▶ **Exercise**: The output should be every line below, retyped exactly, with no images.

▶ **Supplied information**:

━━━━━━━━━━━━━━━━━━━━━━━━━━━━━━

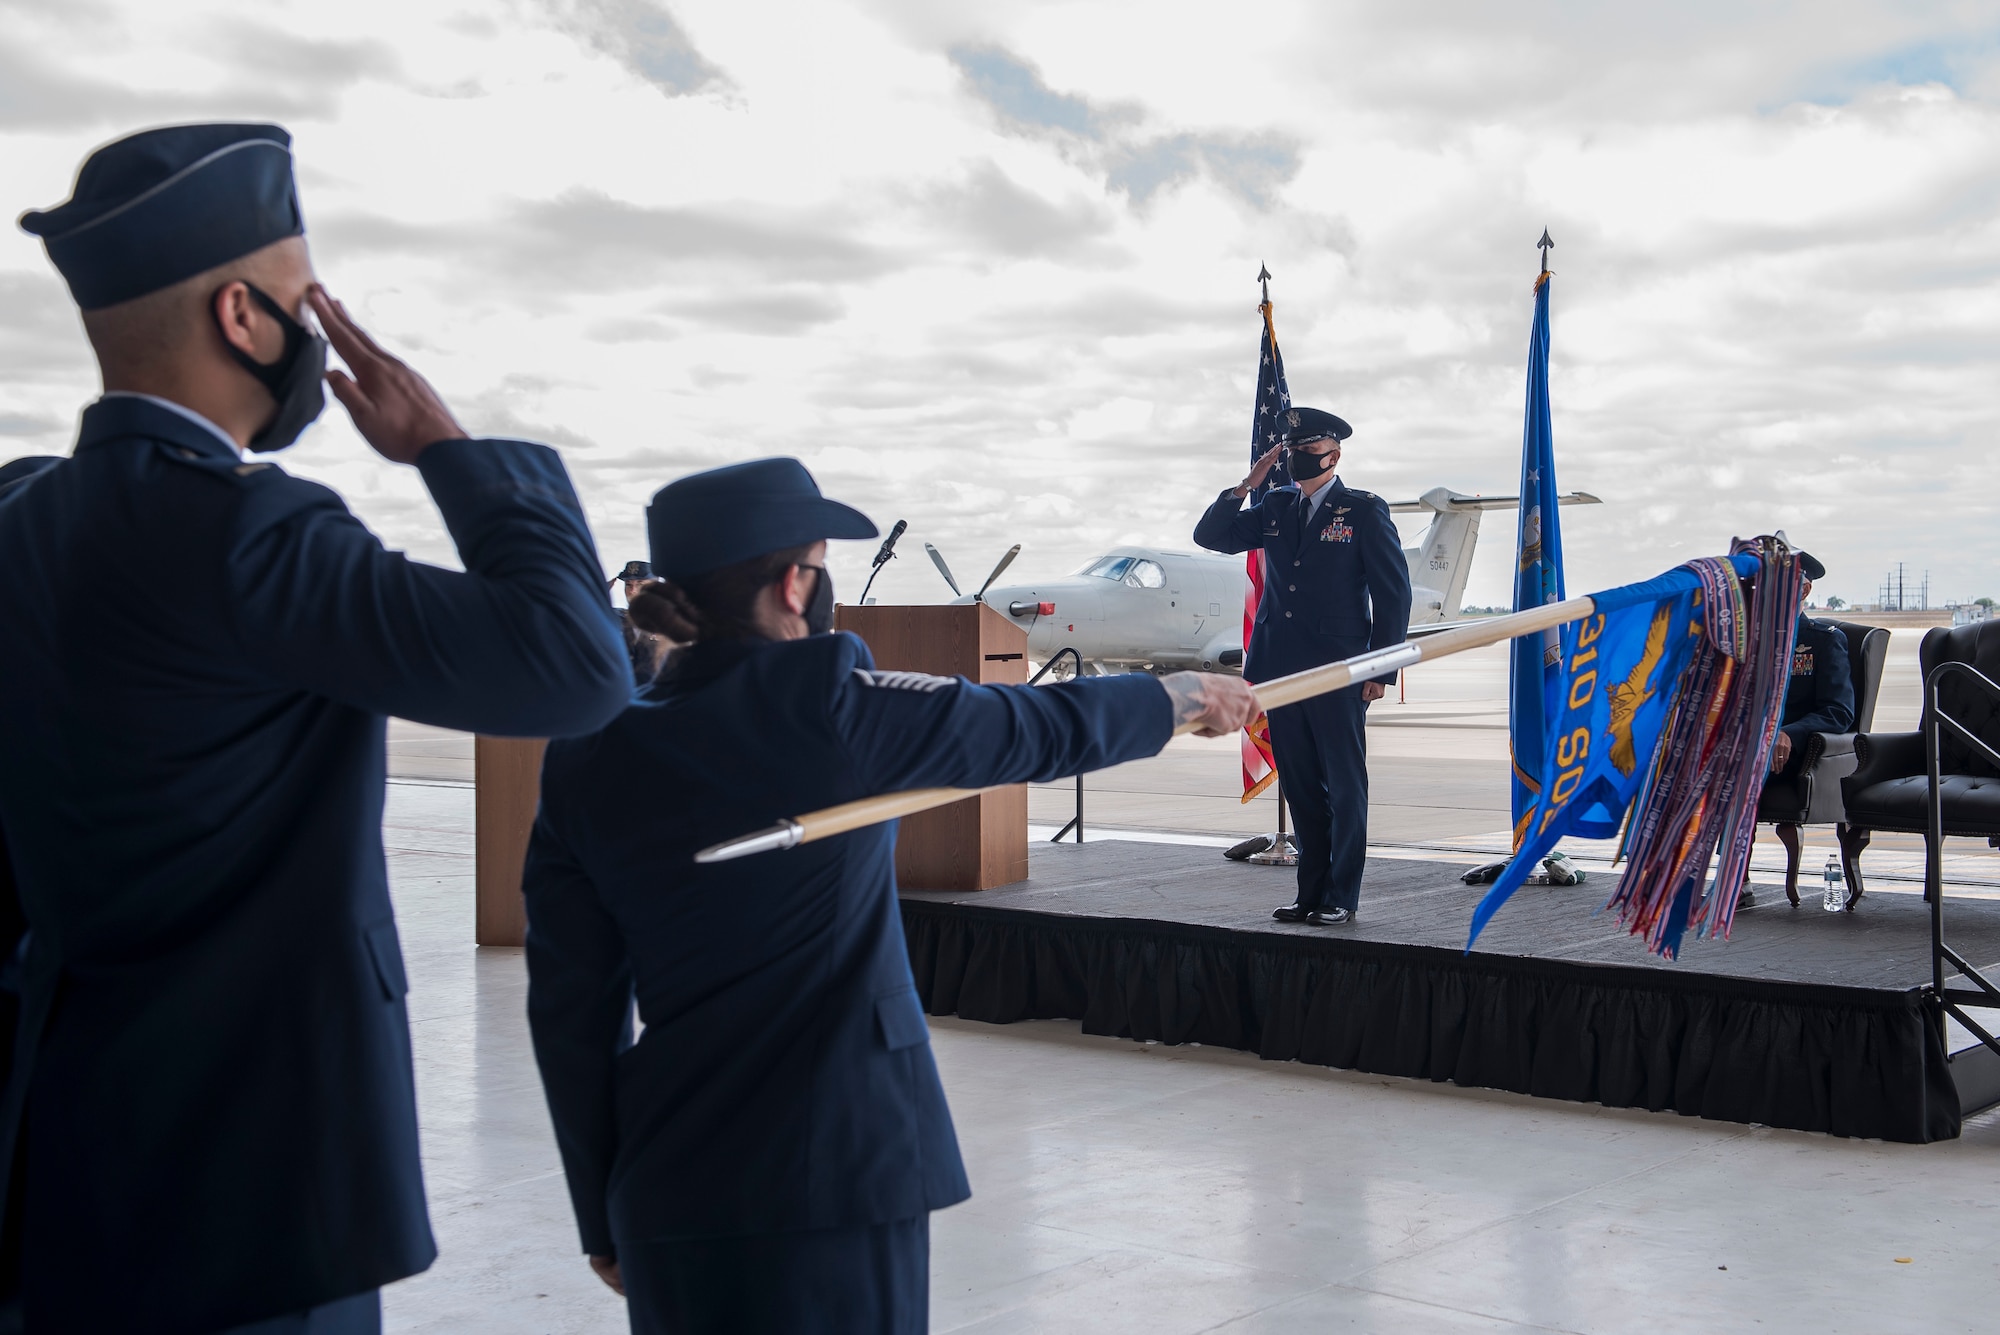 Members of the 310th Special Operations Squadron give Air Force Lt. Col. Joshua Stinson (right), 310 SOS commander, his first salute at the 310 SOS activation ceremony at Cannon Air Force Base, N.M., May 4, 2021. The 310 SOS was activated recently to align with the Air Force Special Operations Command’s new deployment plans, providing a more sustainable and predictable deployment cycle to allow Air Commandos more time at home station to develop themselves and the culture of the squadron. (U.S. Air Force photo by Senior Airman Vernon R. Walter III)
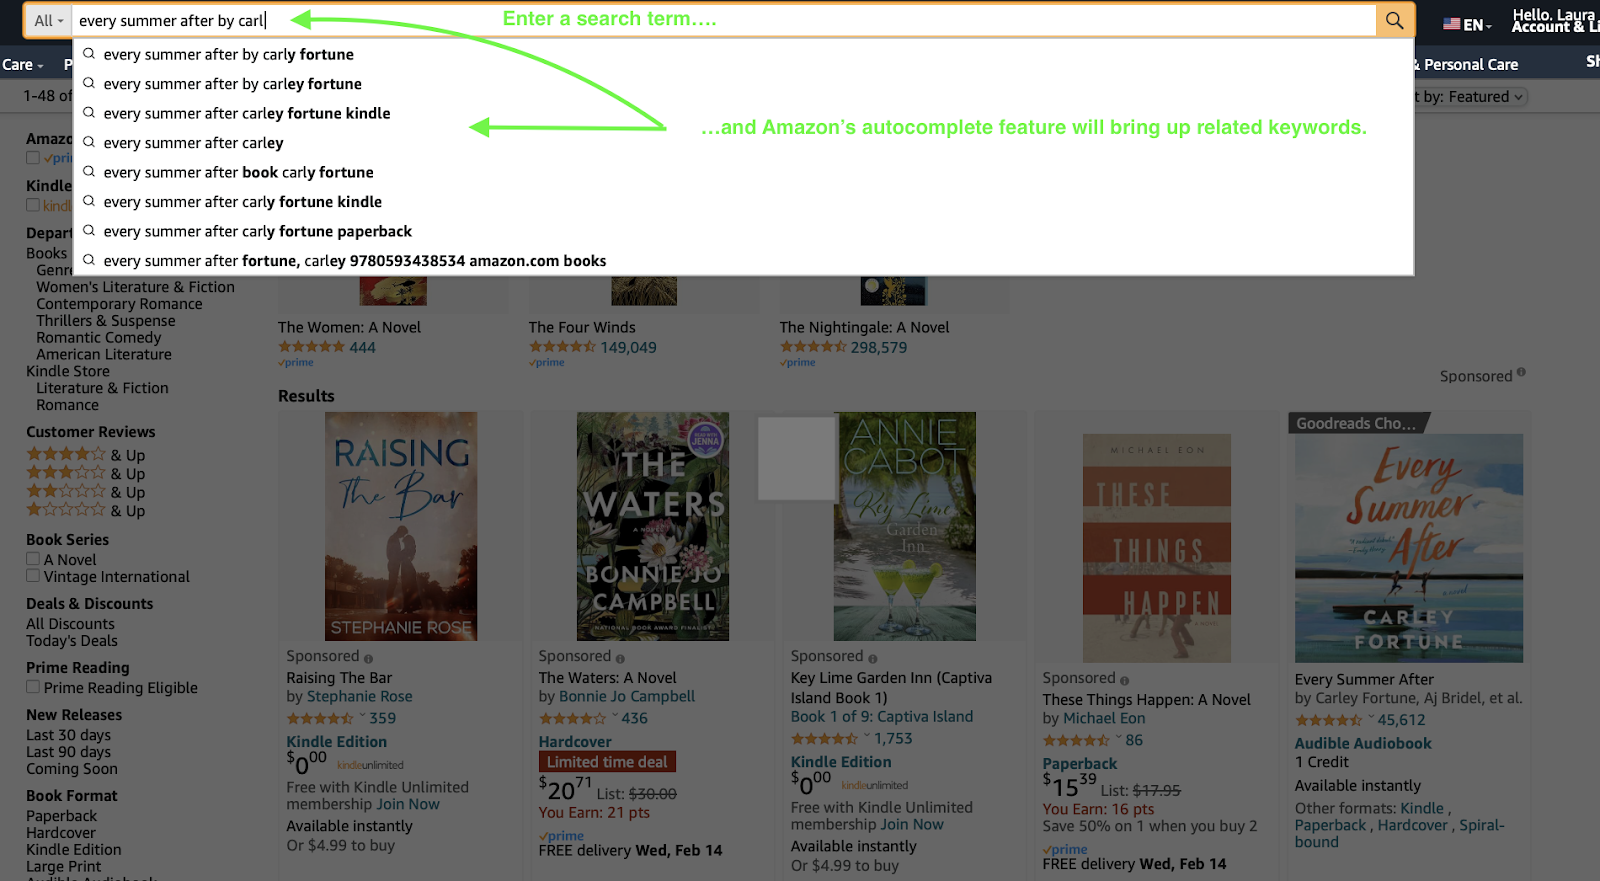 Screenshot of URLs on the Amazon search for "Every summer after by carl".
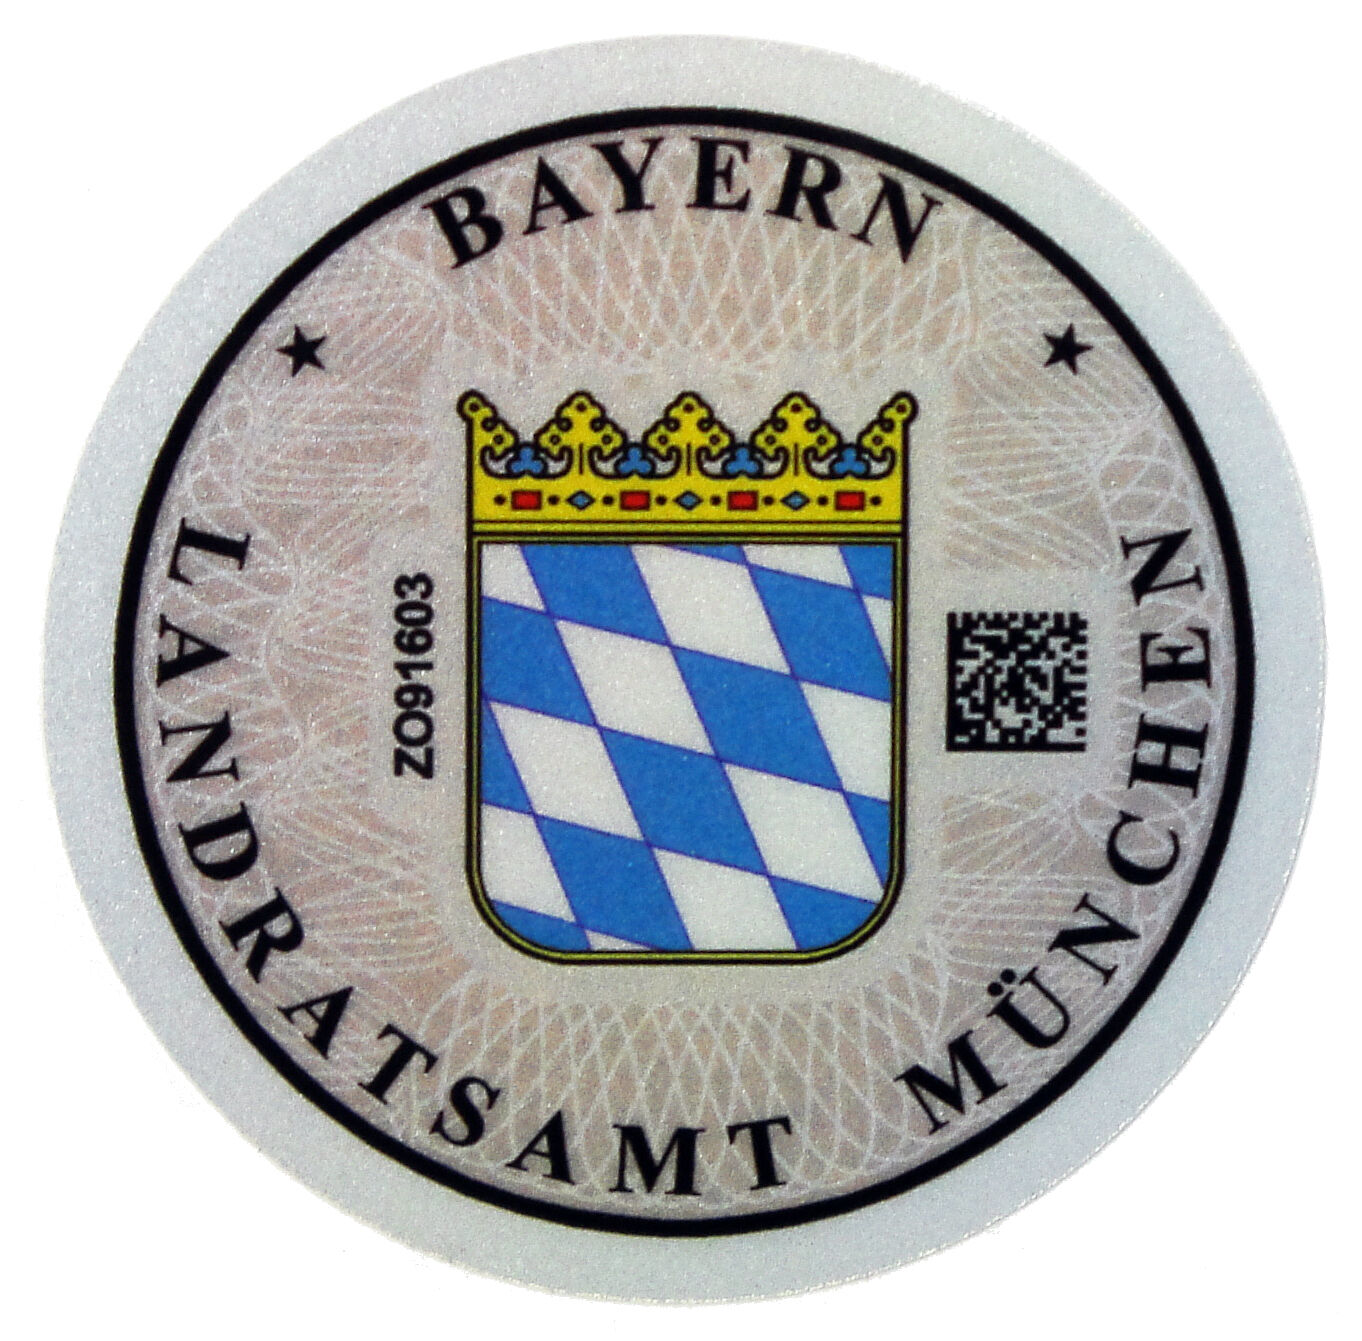 German License Plate Registration Seal And Inspection Replacement Sticker Set

━━━━━━━━━━━━━━━━━━━━━━━━━━━━━━

▶ **Completed exercise**:
 Members of the 310th Special Operations Squadron give Air Force Lt. Col. Joshua Stinson (right), 310 SOS commander, his first salute at the 310 SOS activation ceremony at Cannon Air Force Base, N.M., May 4, 2021. The 310 SOS was activated recently to align with the Air Force Special Operations Command’s new deployment plans, providing a more sustainable and predictable deployment cycle to allow Air Commandos more time at home station to develop themselves and the culture of the squadron. (U.S. Air Force photo by Senior Airman Vernon R. Walter III)
 Screenshot of URLs on the Amazon search for "Every summer after by carl".
 German License Plate Registration Seal And Inspection Replacement Sticker Set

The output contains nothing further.